Finnish smartphone startup Jolla has teamed up with Russian search company Yandex to deliver Android apps to its forthcoming Sailfish OS devices.
The app store arrangement with Yandex locks in a key missing piece in the startup's story so far, namely, where owners of the Jolla device would get their apps from.
The young company of former Nokians haveand have also launched two pre-sale campaigns for the Jolla device, mainly targeting consumers in European countries.
Jolla hasn't revealed how many devices it's sold under the pre-order campaign but expects to deliver them to buyers sometime before the end of the year.
The deal with Yandex means that when the Sailfish OS smartphone does reach buyers, it will come pre-installed with the Yandex.Store app.
"Jolla's strategy is always to work with the most applicable service partners in specific markets and create long-term strategic partnerships. We analysed a number of alternative Android app stores to use for our first markets in Europe, and quickly found out that what Yandex offered was very competitive and that they were very interested in developing their app store together with us for their future needs and for the needs of Sailfish customers", Sami Pienimaki, co-founder of Jolla said in a statement.

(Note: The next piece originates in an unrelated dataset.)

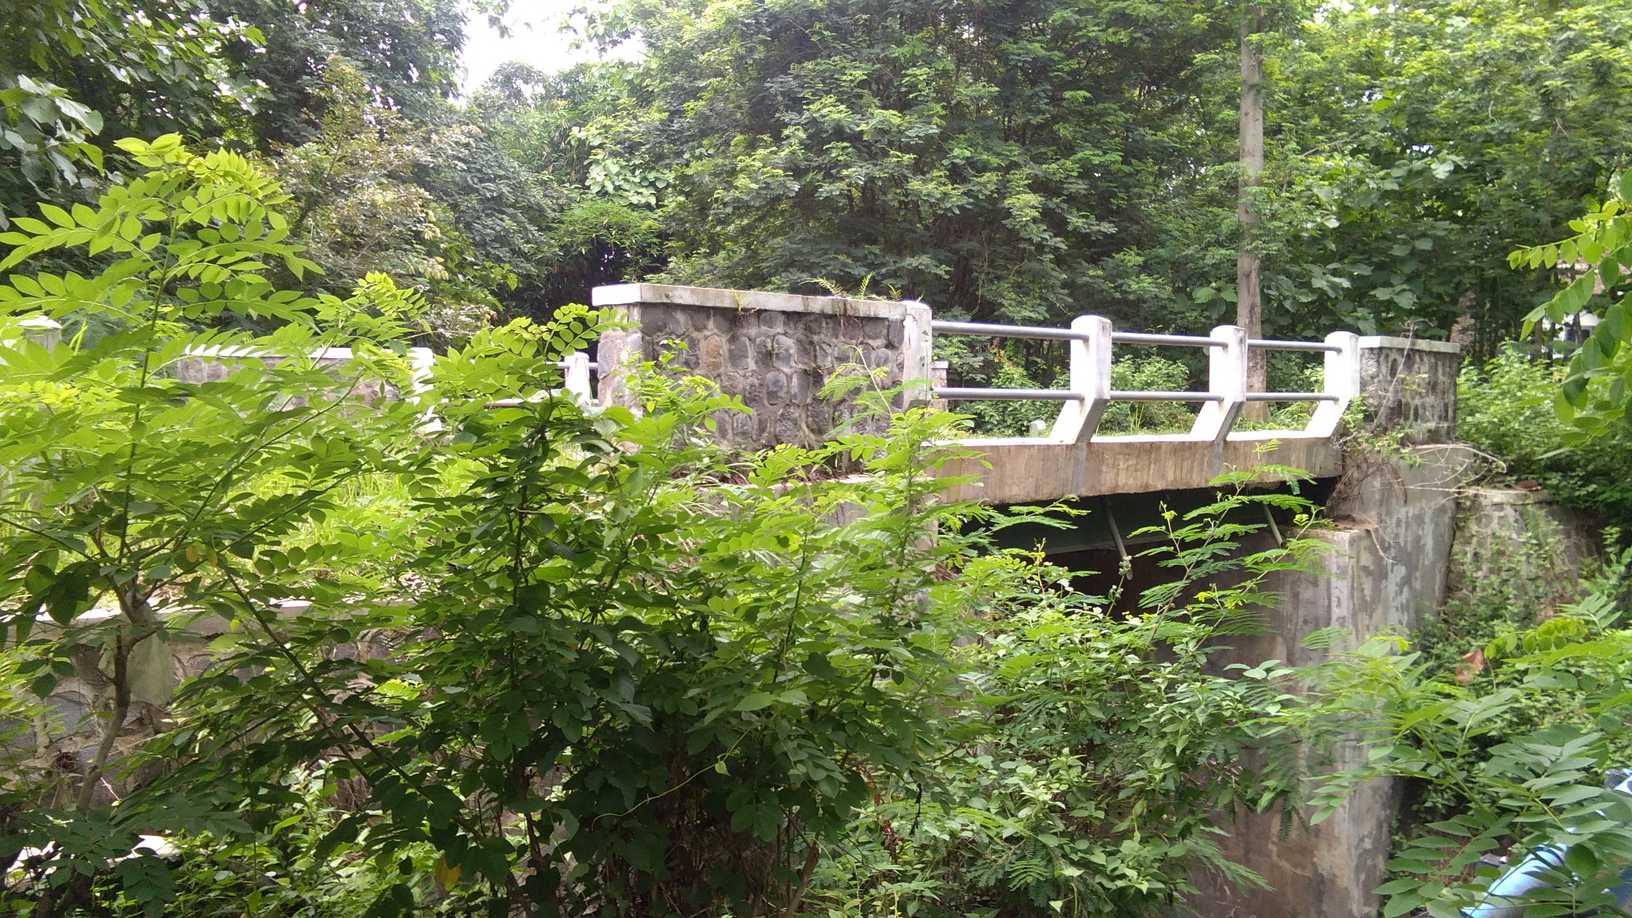 BAngunan Jembatan 9.5

According to Yandex, its app store features over 85,000 apps in 17 categories - still a fraction of the 900,000 or so app available on Google Play, but better than starting with from scratch with native-only apps. Yandex also notes that its store has an "in-app purchase opportunity" and is available in 37 languages.
Although Jolla has sought Android compatibility for Sailfish OS, it has never looked to Google Play as a distribution hub for those apps, pointing instead to third-party app stores.
Jolla has also been keen to launch in the Chinese market, very early on.
Although it hasn't announced further progress in China, if it does, the fact that it can't distribute apps through Google Play probably won't matter. A recent breakdown of the Chinese Android distribution by mobile analyst Benedict Evans showed that Google Play was only responsible for six percent of all app installs in China. Third party app markets, such as Tencent App Gem, Baidu App Store and AppChina, were responsible for 72.6 percent of all installs in China.